Digital image from an 1865 b&w film negative.


All his homes were log structures, and he was to all intents and purposes a pioneer boy.

No boy ever began life under less promising auspices than young Abraham Lincoln. The family was very poor! His father was a shiftless man, who never succeeded in getting ahead in life. Their home was a mere log cabin of the roughest and poorest sort known to backwoods people. The rude chimney was built on the outside, and the only floor was the hardened earth. It was not so good and comfortable as some Indian wigwams. Of course, the food and clothes and beds of a family living in this way were of the miserable kind.

The family lived as did most pioneer families in the backwoods of Indiana. Their bread was made of cornmeal. Their meat was chiefly the flesh of wild game shot or trapped in the woods. Pewter plates and wooden trenchers were used on the table. 
A hand-hewn wooden trencher (a serving bowl or plate).


The drinking cups were of tin. There was no stove, and all the cooking was done over the fire of the big fireplace. Abraham's bed was simply a couch of leaves freshly gathered every two or three weeks.

At that time Indiana was still part of the wilderness. It had just been admitted to the Union as a state. Primeval woods grew up close to the settlement at Pidgeon Creek, and not far away were roving bands of Indians, and also wild animals—bears, wildcats, and panthers. These animals the settlers hunted and made use of for food and clothing. Young Abraham spent the larger part of his time out of doors. They hunted and fished and learned the habits of the wild creatures, and explored the far recesses of the woods. The forest lore Abraham never forgot, and the life and training made him vigorous and tough and able to endure in days after the troubles and trials that would have broken down many a weaker man.

Lincoln was fortunate in his mothers. His own mother died when he was nine years old, but she had done her best to start her boy in the world. Once she said to him: "Abraham, learn all you can, and grow up to be of some account. You've got just as good Virginian blood in you as George Washington had." Abraham never forgot this. Years afterward he said, "All that I am or ever hope to be, I owe to my blessed mother." His stepmother, Sarah Bush, was a kind-hearted, excellent woman, and did all she could to make the poor, ragged barefooted boy happy. She was always ready to listen when he read, to help him with his lessons, to encourage him. After he had grown up and become famous, she said of him: "Abraham never gave me a crossword or look, and never refused to do anything I asked of him. Abraham was the best boy I ever knew." 

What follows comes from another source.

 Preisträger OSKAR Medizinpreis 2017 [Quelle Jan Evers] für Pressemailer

There was a backwoods schoolhouse quite a distance away, which Abraham attended for a short time. Abraham Lincoln's first and second school teachers were Zachariah Riney and Caleb Hazel Sr.

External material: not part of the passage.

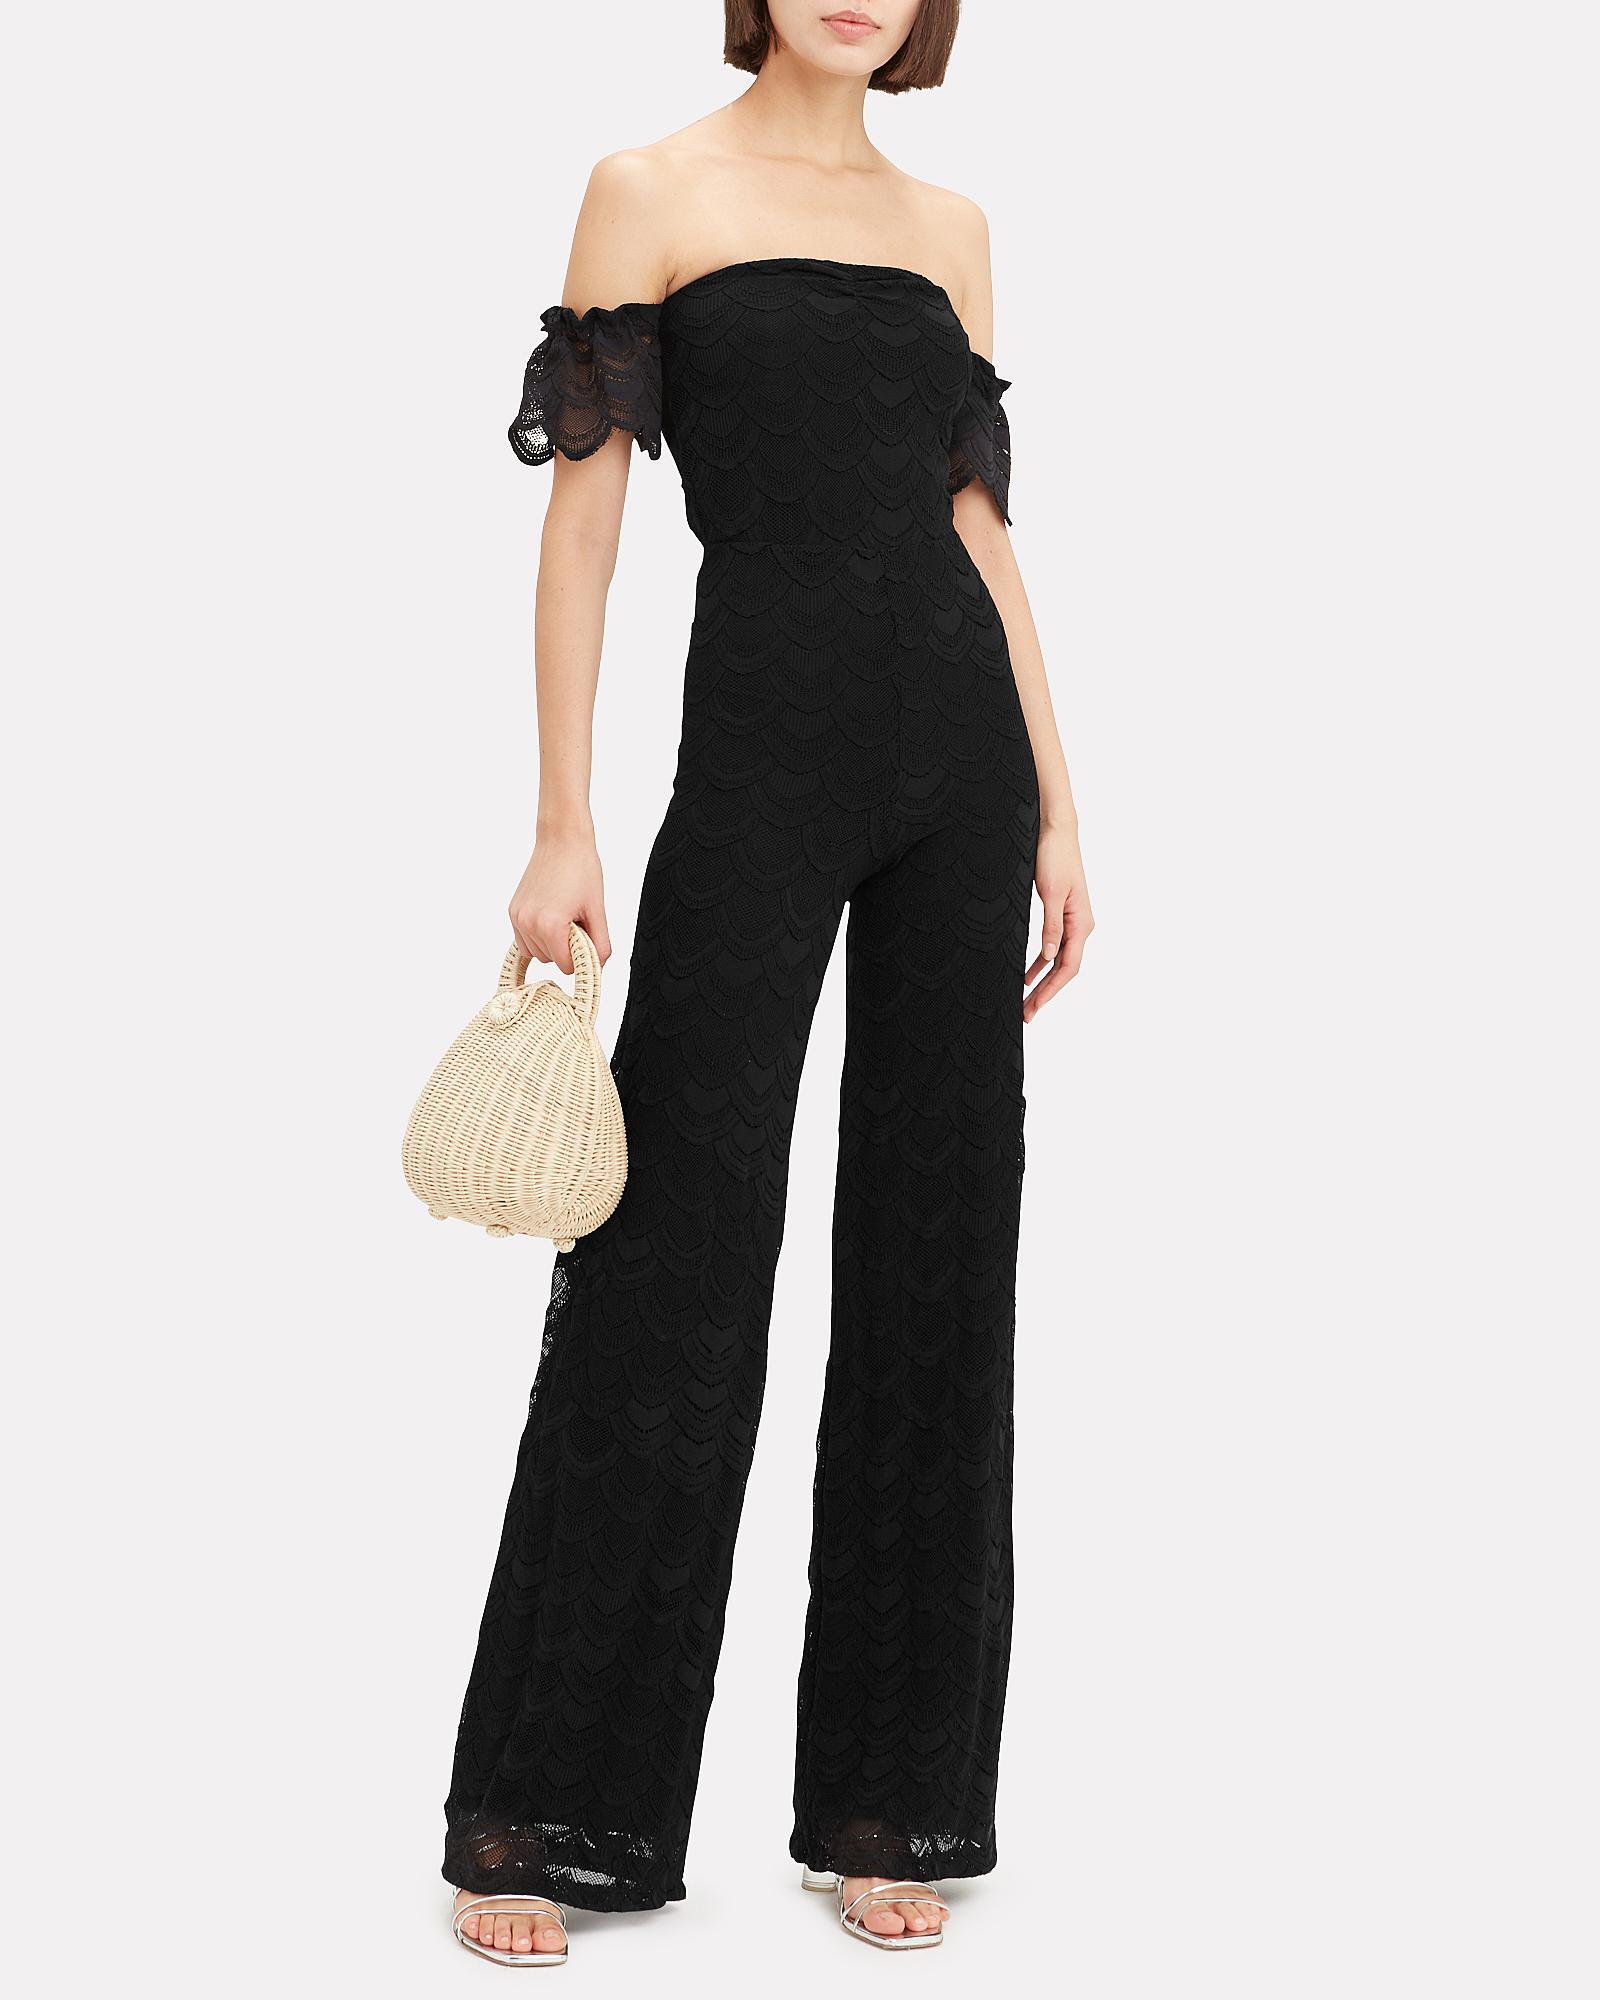 e9d5925fa4d Lyst - Nightcap Victorian Flutter Jumpsuit in Black

These log schoolhouses in Lincoln's day had large fireplaces, in which there was a great blazing fire in the winter. The boys of the school had to chop and bring in the wood for the fire. The floor of such a schoolhouse was of rough boards hewn out with axes. The schoolmasters were generally harsh, rough men, who did not know very much themselves. Abraham soon learned to read and write, however, and after a while, he found a new teacher, and that was himself. When the rest of the family had gone to bed he would sit up and write and cipher by the light of the great blazing logs heaped upon the open fireplace. So poor were this pioneer family that they had no means of procuring paper or pencil for the struggling student. Abraham used to take the back of the broad wooden fire shovel to write on, and a piece of charcoal for a pencil. When he had covered the shovel with words or with sums in arithmetic, he would shave it off clean and begin over again. If his father complained that the shovel was getting thin, the boy would go out into the woods and make a new one. As long as the woods lasted, fire shovels and furniture were cheap.

There were few books to read in that frontier cabin. Poor Abraham had not more than a dozen in all. These were Robinson Crusoe, Pilgrim's Progress, Aesop's Fables, the Bible, and a small history of the United States. The boy read these books over and over till he knew a great deal of them by heart, and could repeat whole pages from them.

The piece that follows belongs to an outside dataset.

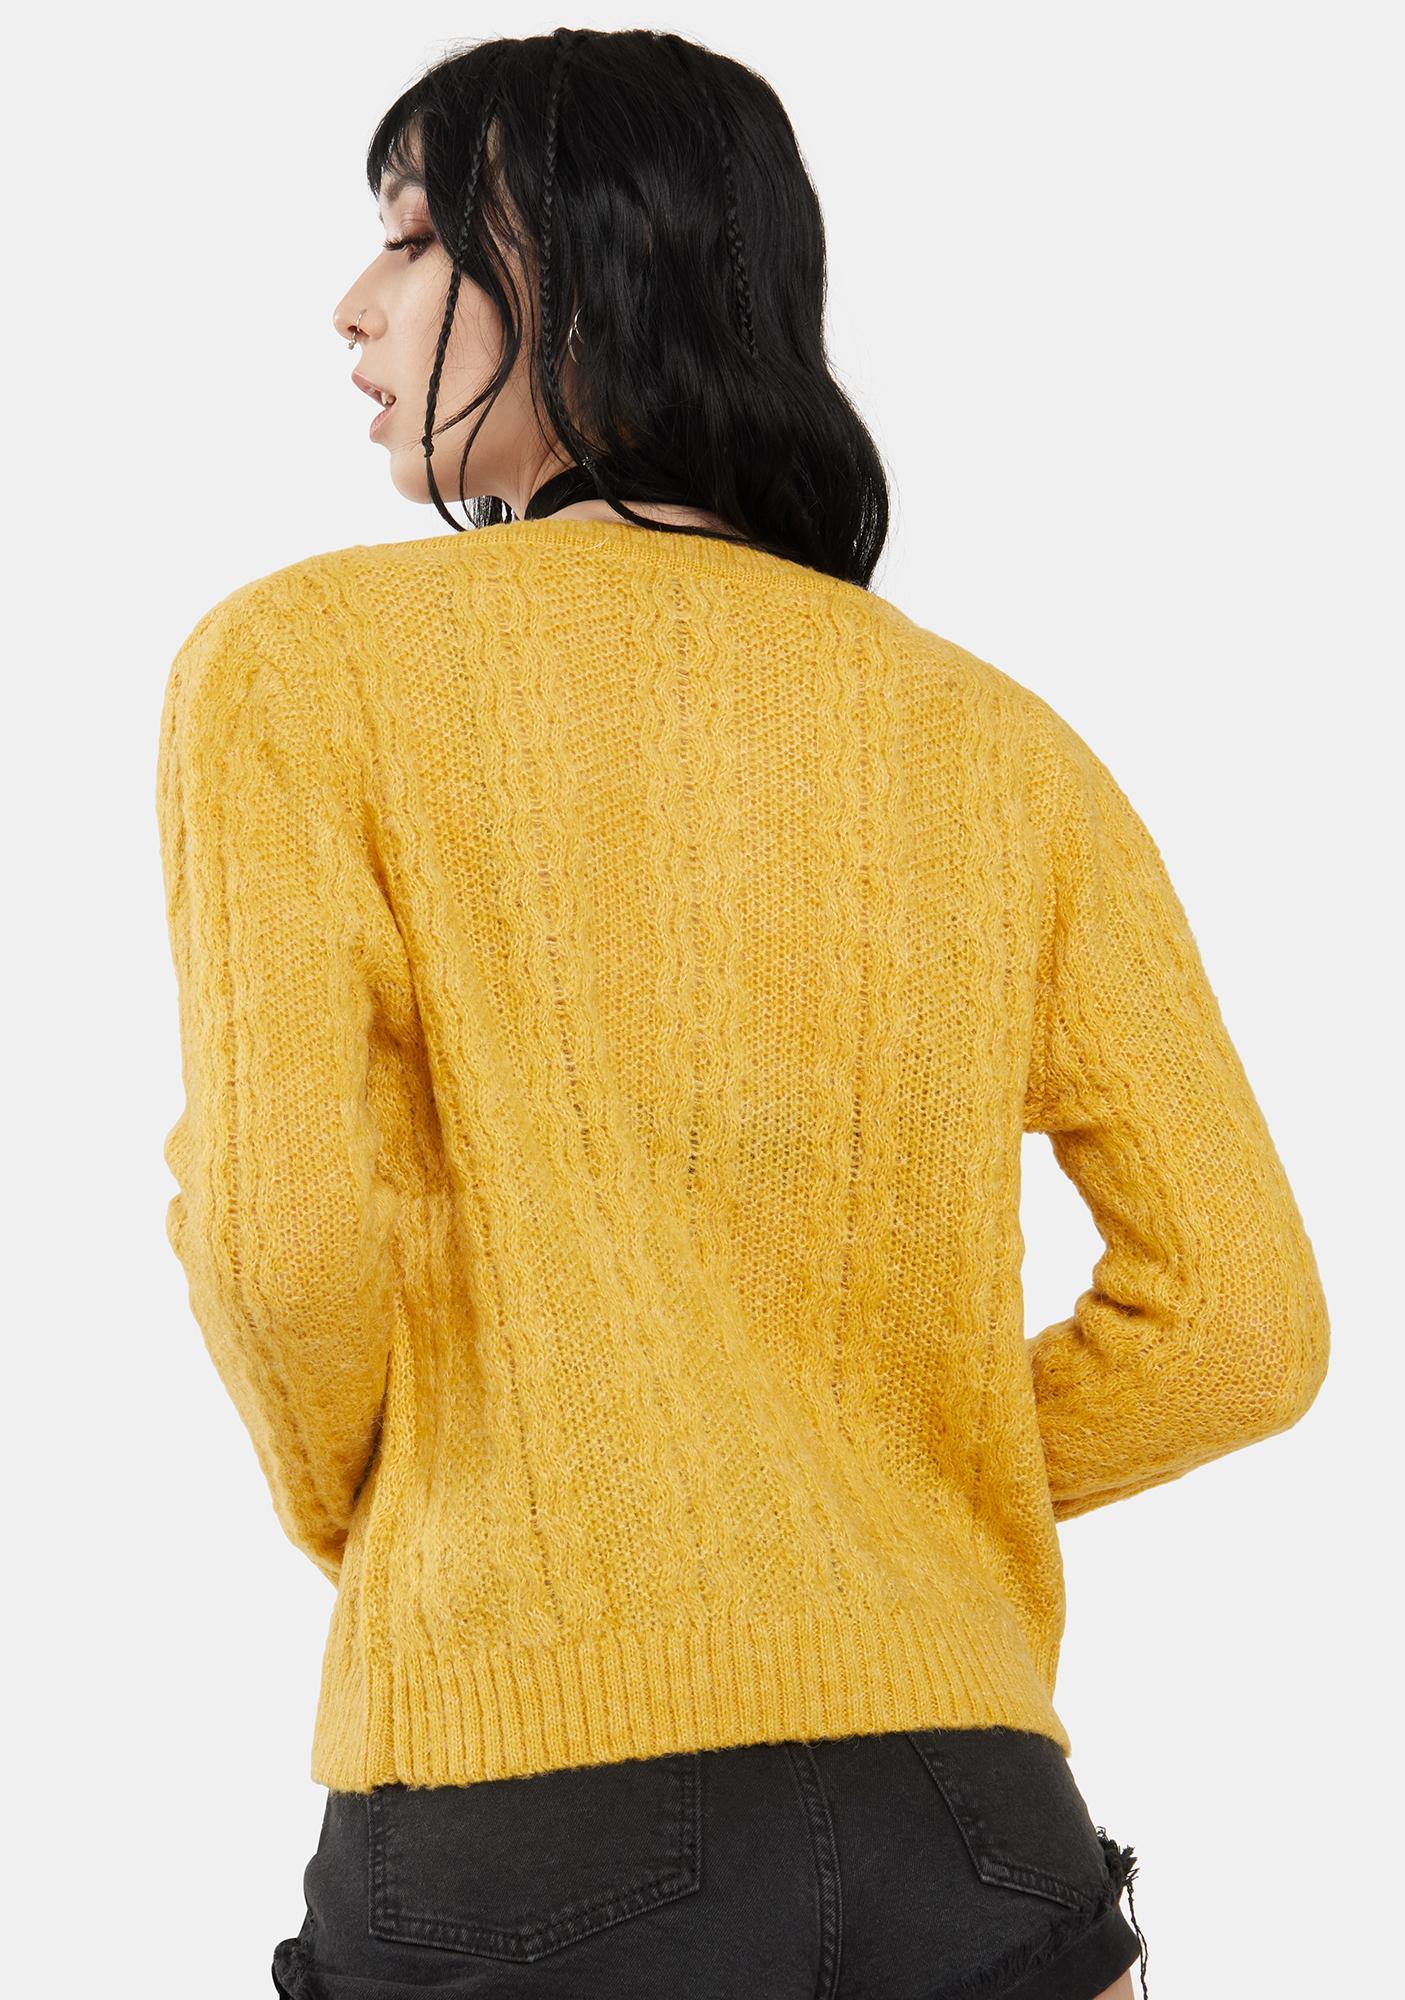 Dress Forum  Honey Yellow Knit Cardigan

One book that made a great impression upon him was "The Life of George Washington, by M. L. Weems, [pub:1800]." This book he borrowed from a neighbor, who loaned it to him on the condition of his returning it in as good a condition as he received it. And this the young student intended to do. But one night there was a great storm, and it rained down in the cabin and seriously injured the precious volume. Lincoln was very much troubled and informed the neighbor of what had happened. The surly old man told him that he must give him three days' work shucking corn and that then he might keep the book for his own. It was the first book that Lincoln ever owned. No one knows how many times he read it through. Washington was his ideal hero, the one great man whom he admired above all others. How little he could have dreamed that in the years to come his own name would be coupled with that of the Father of his Country by admiring countrymen. 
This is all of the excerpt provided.